Cam was amazed by Mollie’s physical strength as she hauled a large pot to the barrel, and dumped in a heavy layer of wood ash atop the straw. A gray cloud floated up out of the barrel’s open top, and Cam sneezed heartily.
“Watch ye dinna get any in your eye. Burns like the devil, it does.”
Mollie and Cam spent the morning slowly pouring pitchers of water over the ashes, until a thick brownish liquid seeped out of the bottom of the barrel, through the groove in the stone, and into a heavy clay jug that Mollie had placed beneath. While Cam continued to pour water into the barrel
, Mollie set up a large kettle outside and built a fire.
“This is for rendering the tallow, ye ken?”

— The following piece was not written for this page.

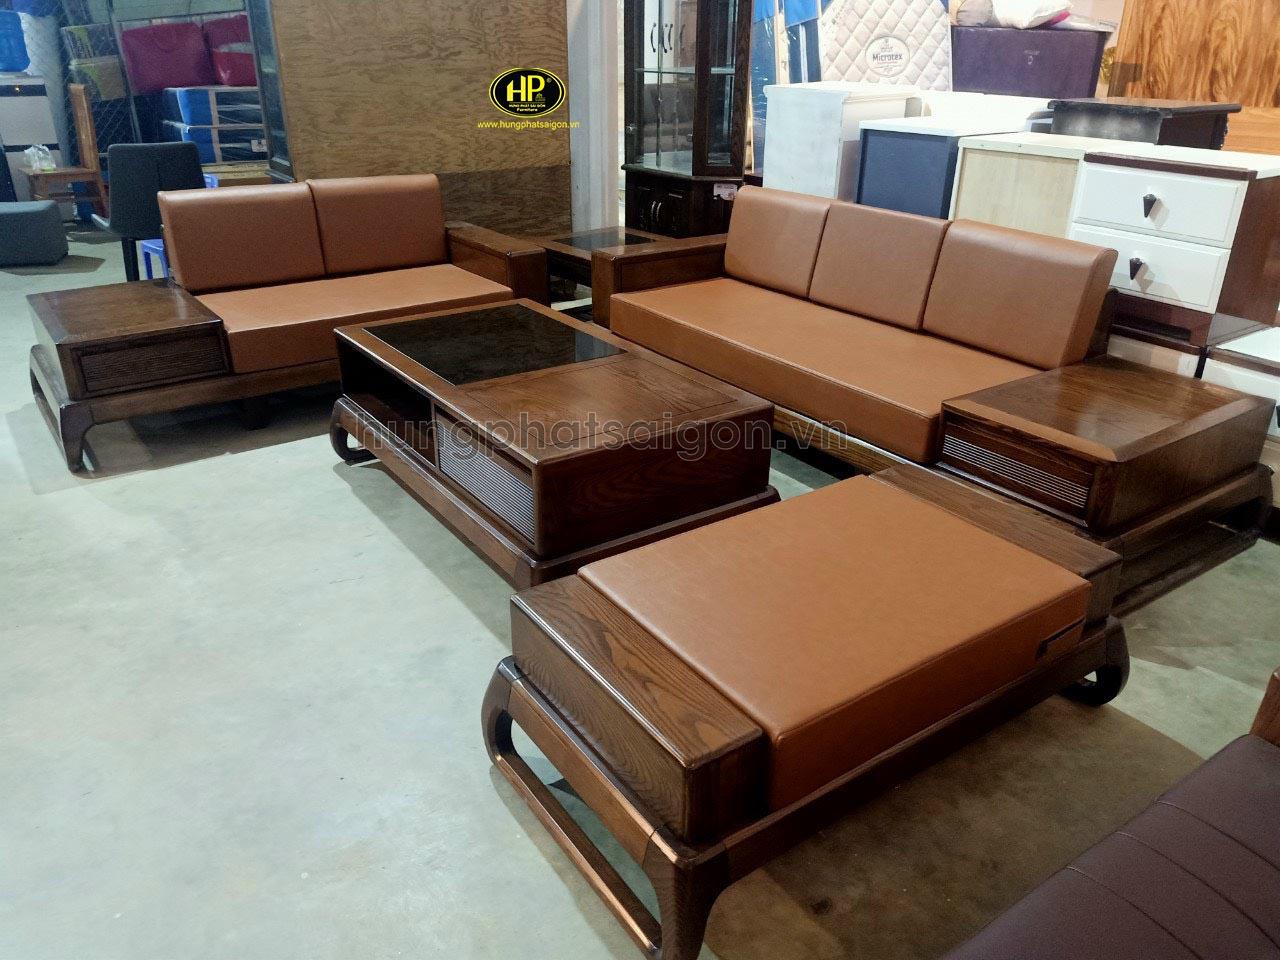 Bộ sofa gỗ sồi cao cấp HS-17

“Tallow?” asked Cam blankly.
“Aye, fat from the cows. We save it for a few months, boil it up with some water, and then make soap with it.”
Cam stifled a gagging noise. She had become fond of the cows, despite her earlier trepidations, and hated the thought of one of them being melted down for soap. Although, she supposed, the cow probably didn’t mind by this point.
The smell of the boiling tallow was enough to send Cam to the nearest bushes to be sick. Mollie let the process continue throughout the day, and when she went to serve dinner, Cam had to force herself to eat. The odor was still noticeable inside the walls of the house, and Cam had to content herself with eating only biscuits for supper. The idea of consuming beef while that smell invaded her nostrils was horrifying.
By the next morning, the tallow had cooled and was floating on the top of the kettle in a gelatinous yellow glob. Mollie instructed Cam to skim it off and place it in another large kettle.
“This is disgusting,” she muttered.
Mollie overheard. “Aye, well, think of trying to bathe without it, if ye find a wee bit of fat so foul, then.”
They added the lye from the woodshed to the tallow, and set the kettle to boiling again. By the end of the day, a frothy, gooey mass was floating at the top. Cam peered into the kettle doubtfully.
“How do you make it hard, so you can chop it up into bars?” she asked.
“Aha!” smiled Mollie. “That’s the trick, aye? You add some salt to it and it’ll firm up as nice as ye please.”
Cam frowned. “I thought salt was hard to come by.”
“Hard to – oh, I ken what ye mean. Aye, tis very dear but I’ve been saving some pennies here and there, and I had one of the Kerr boys fetch me a sack of it when he went into town last time.” She scooped a large quantity of salt into the kettle. Cam noticed it was in large chunks, rather than the fine-grained table salt she was accustomed to.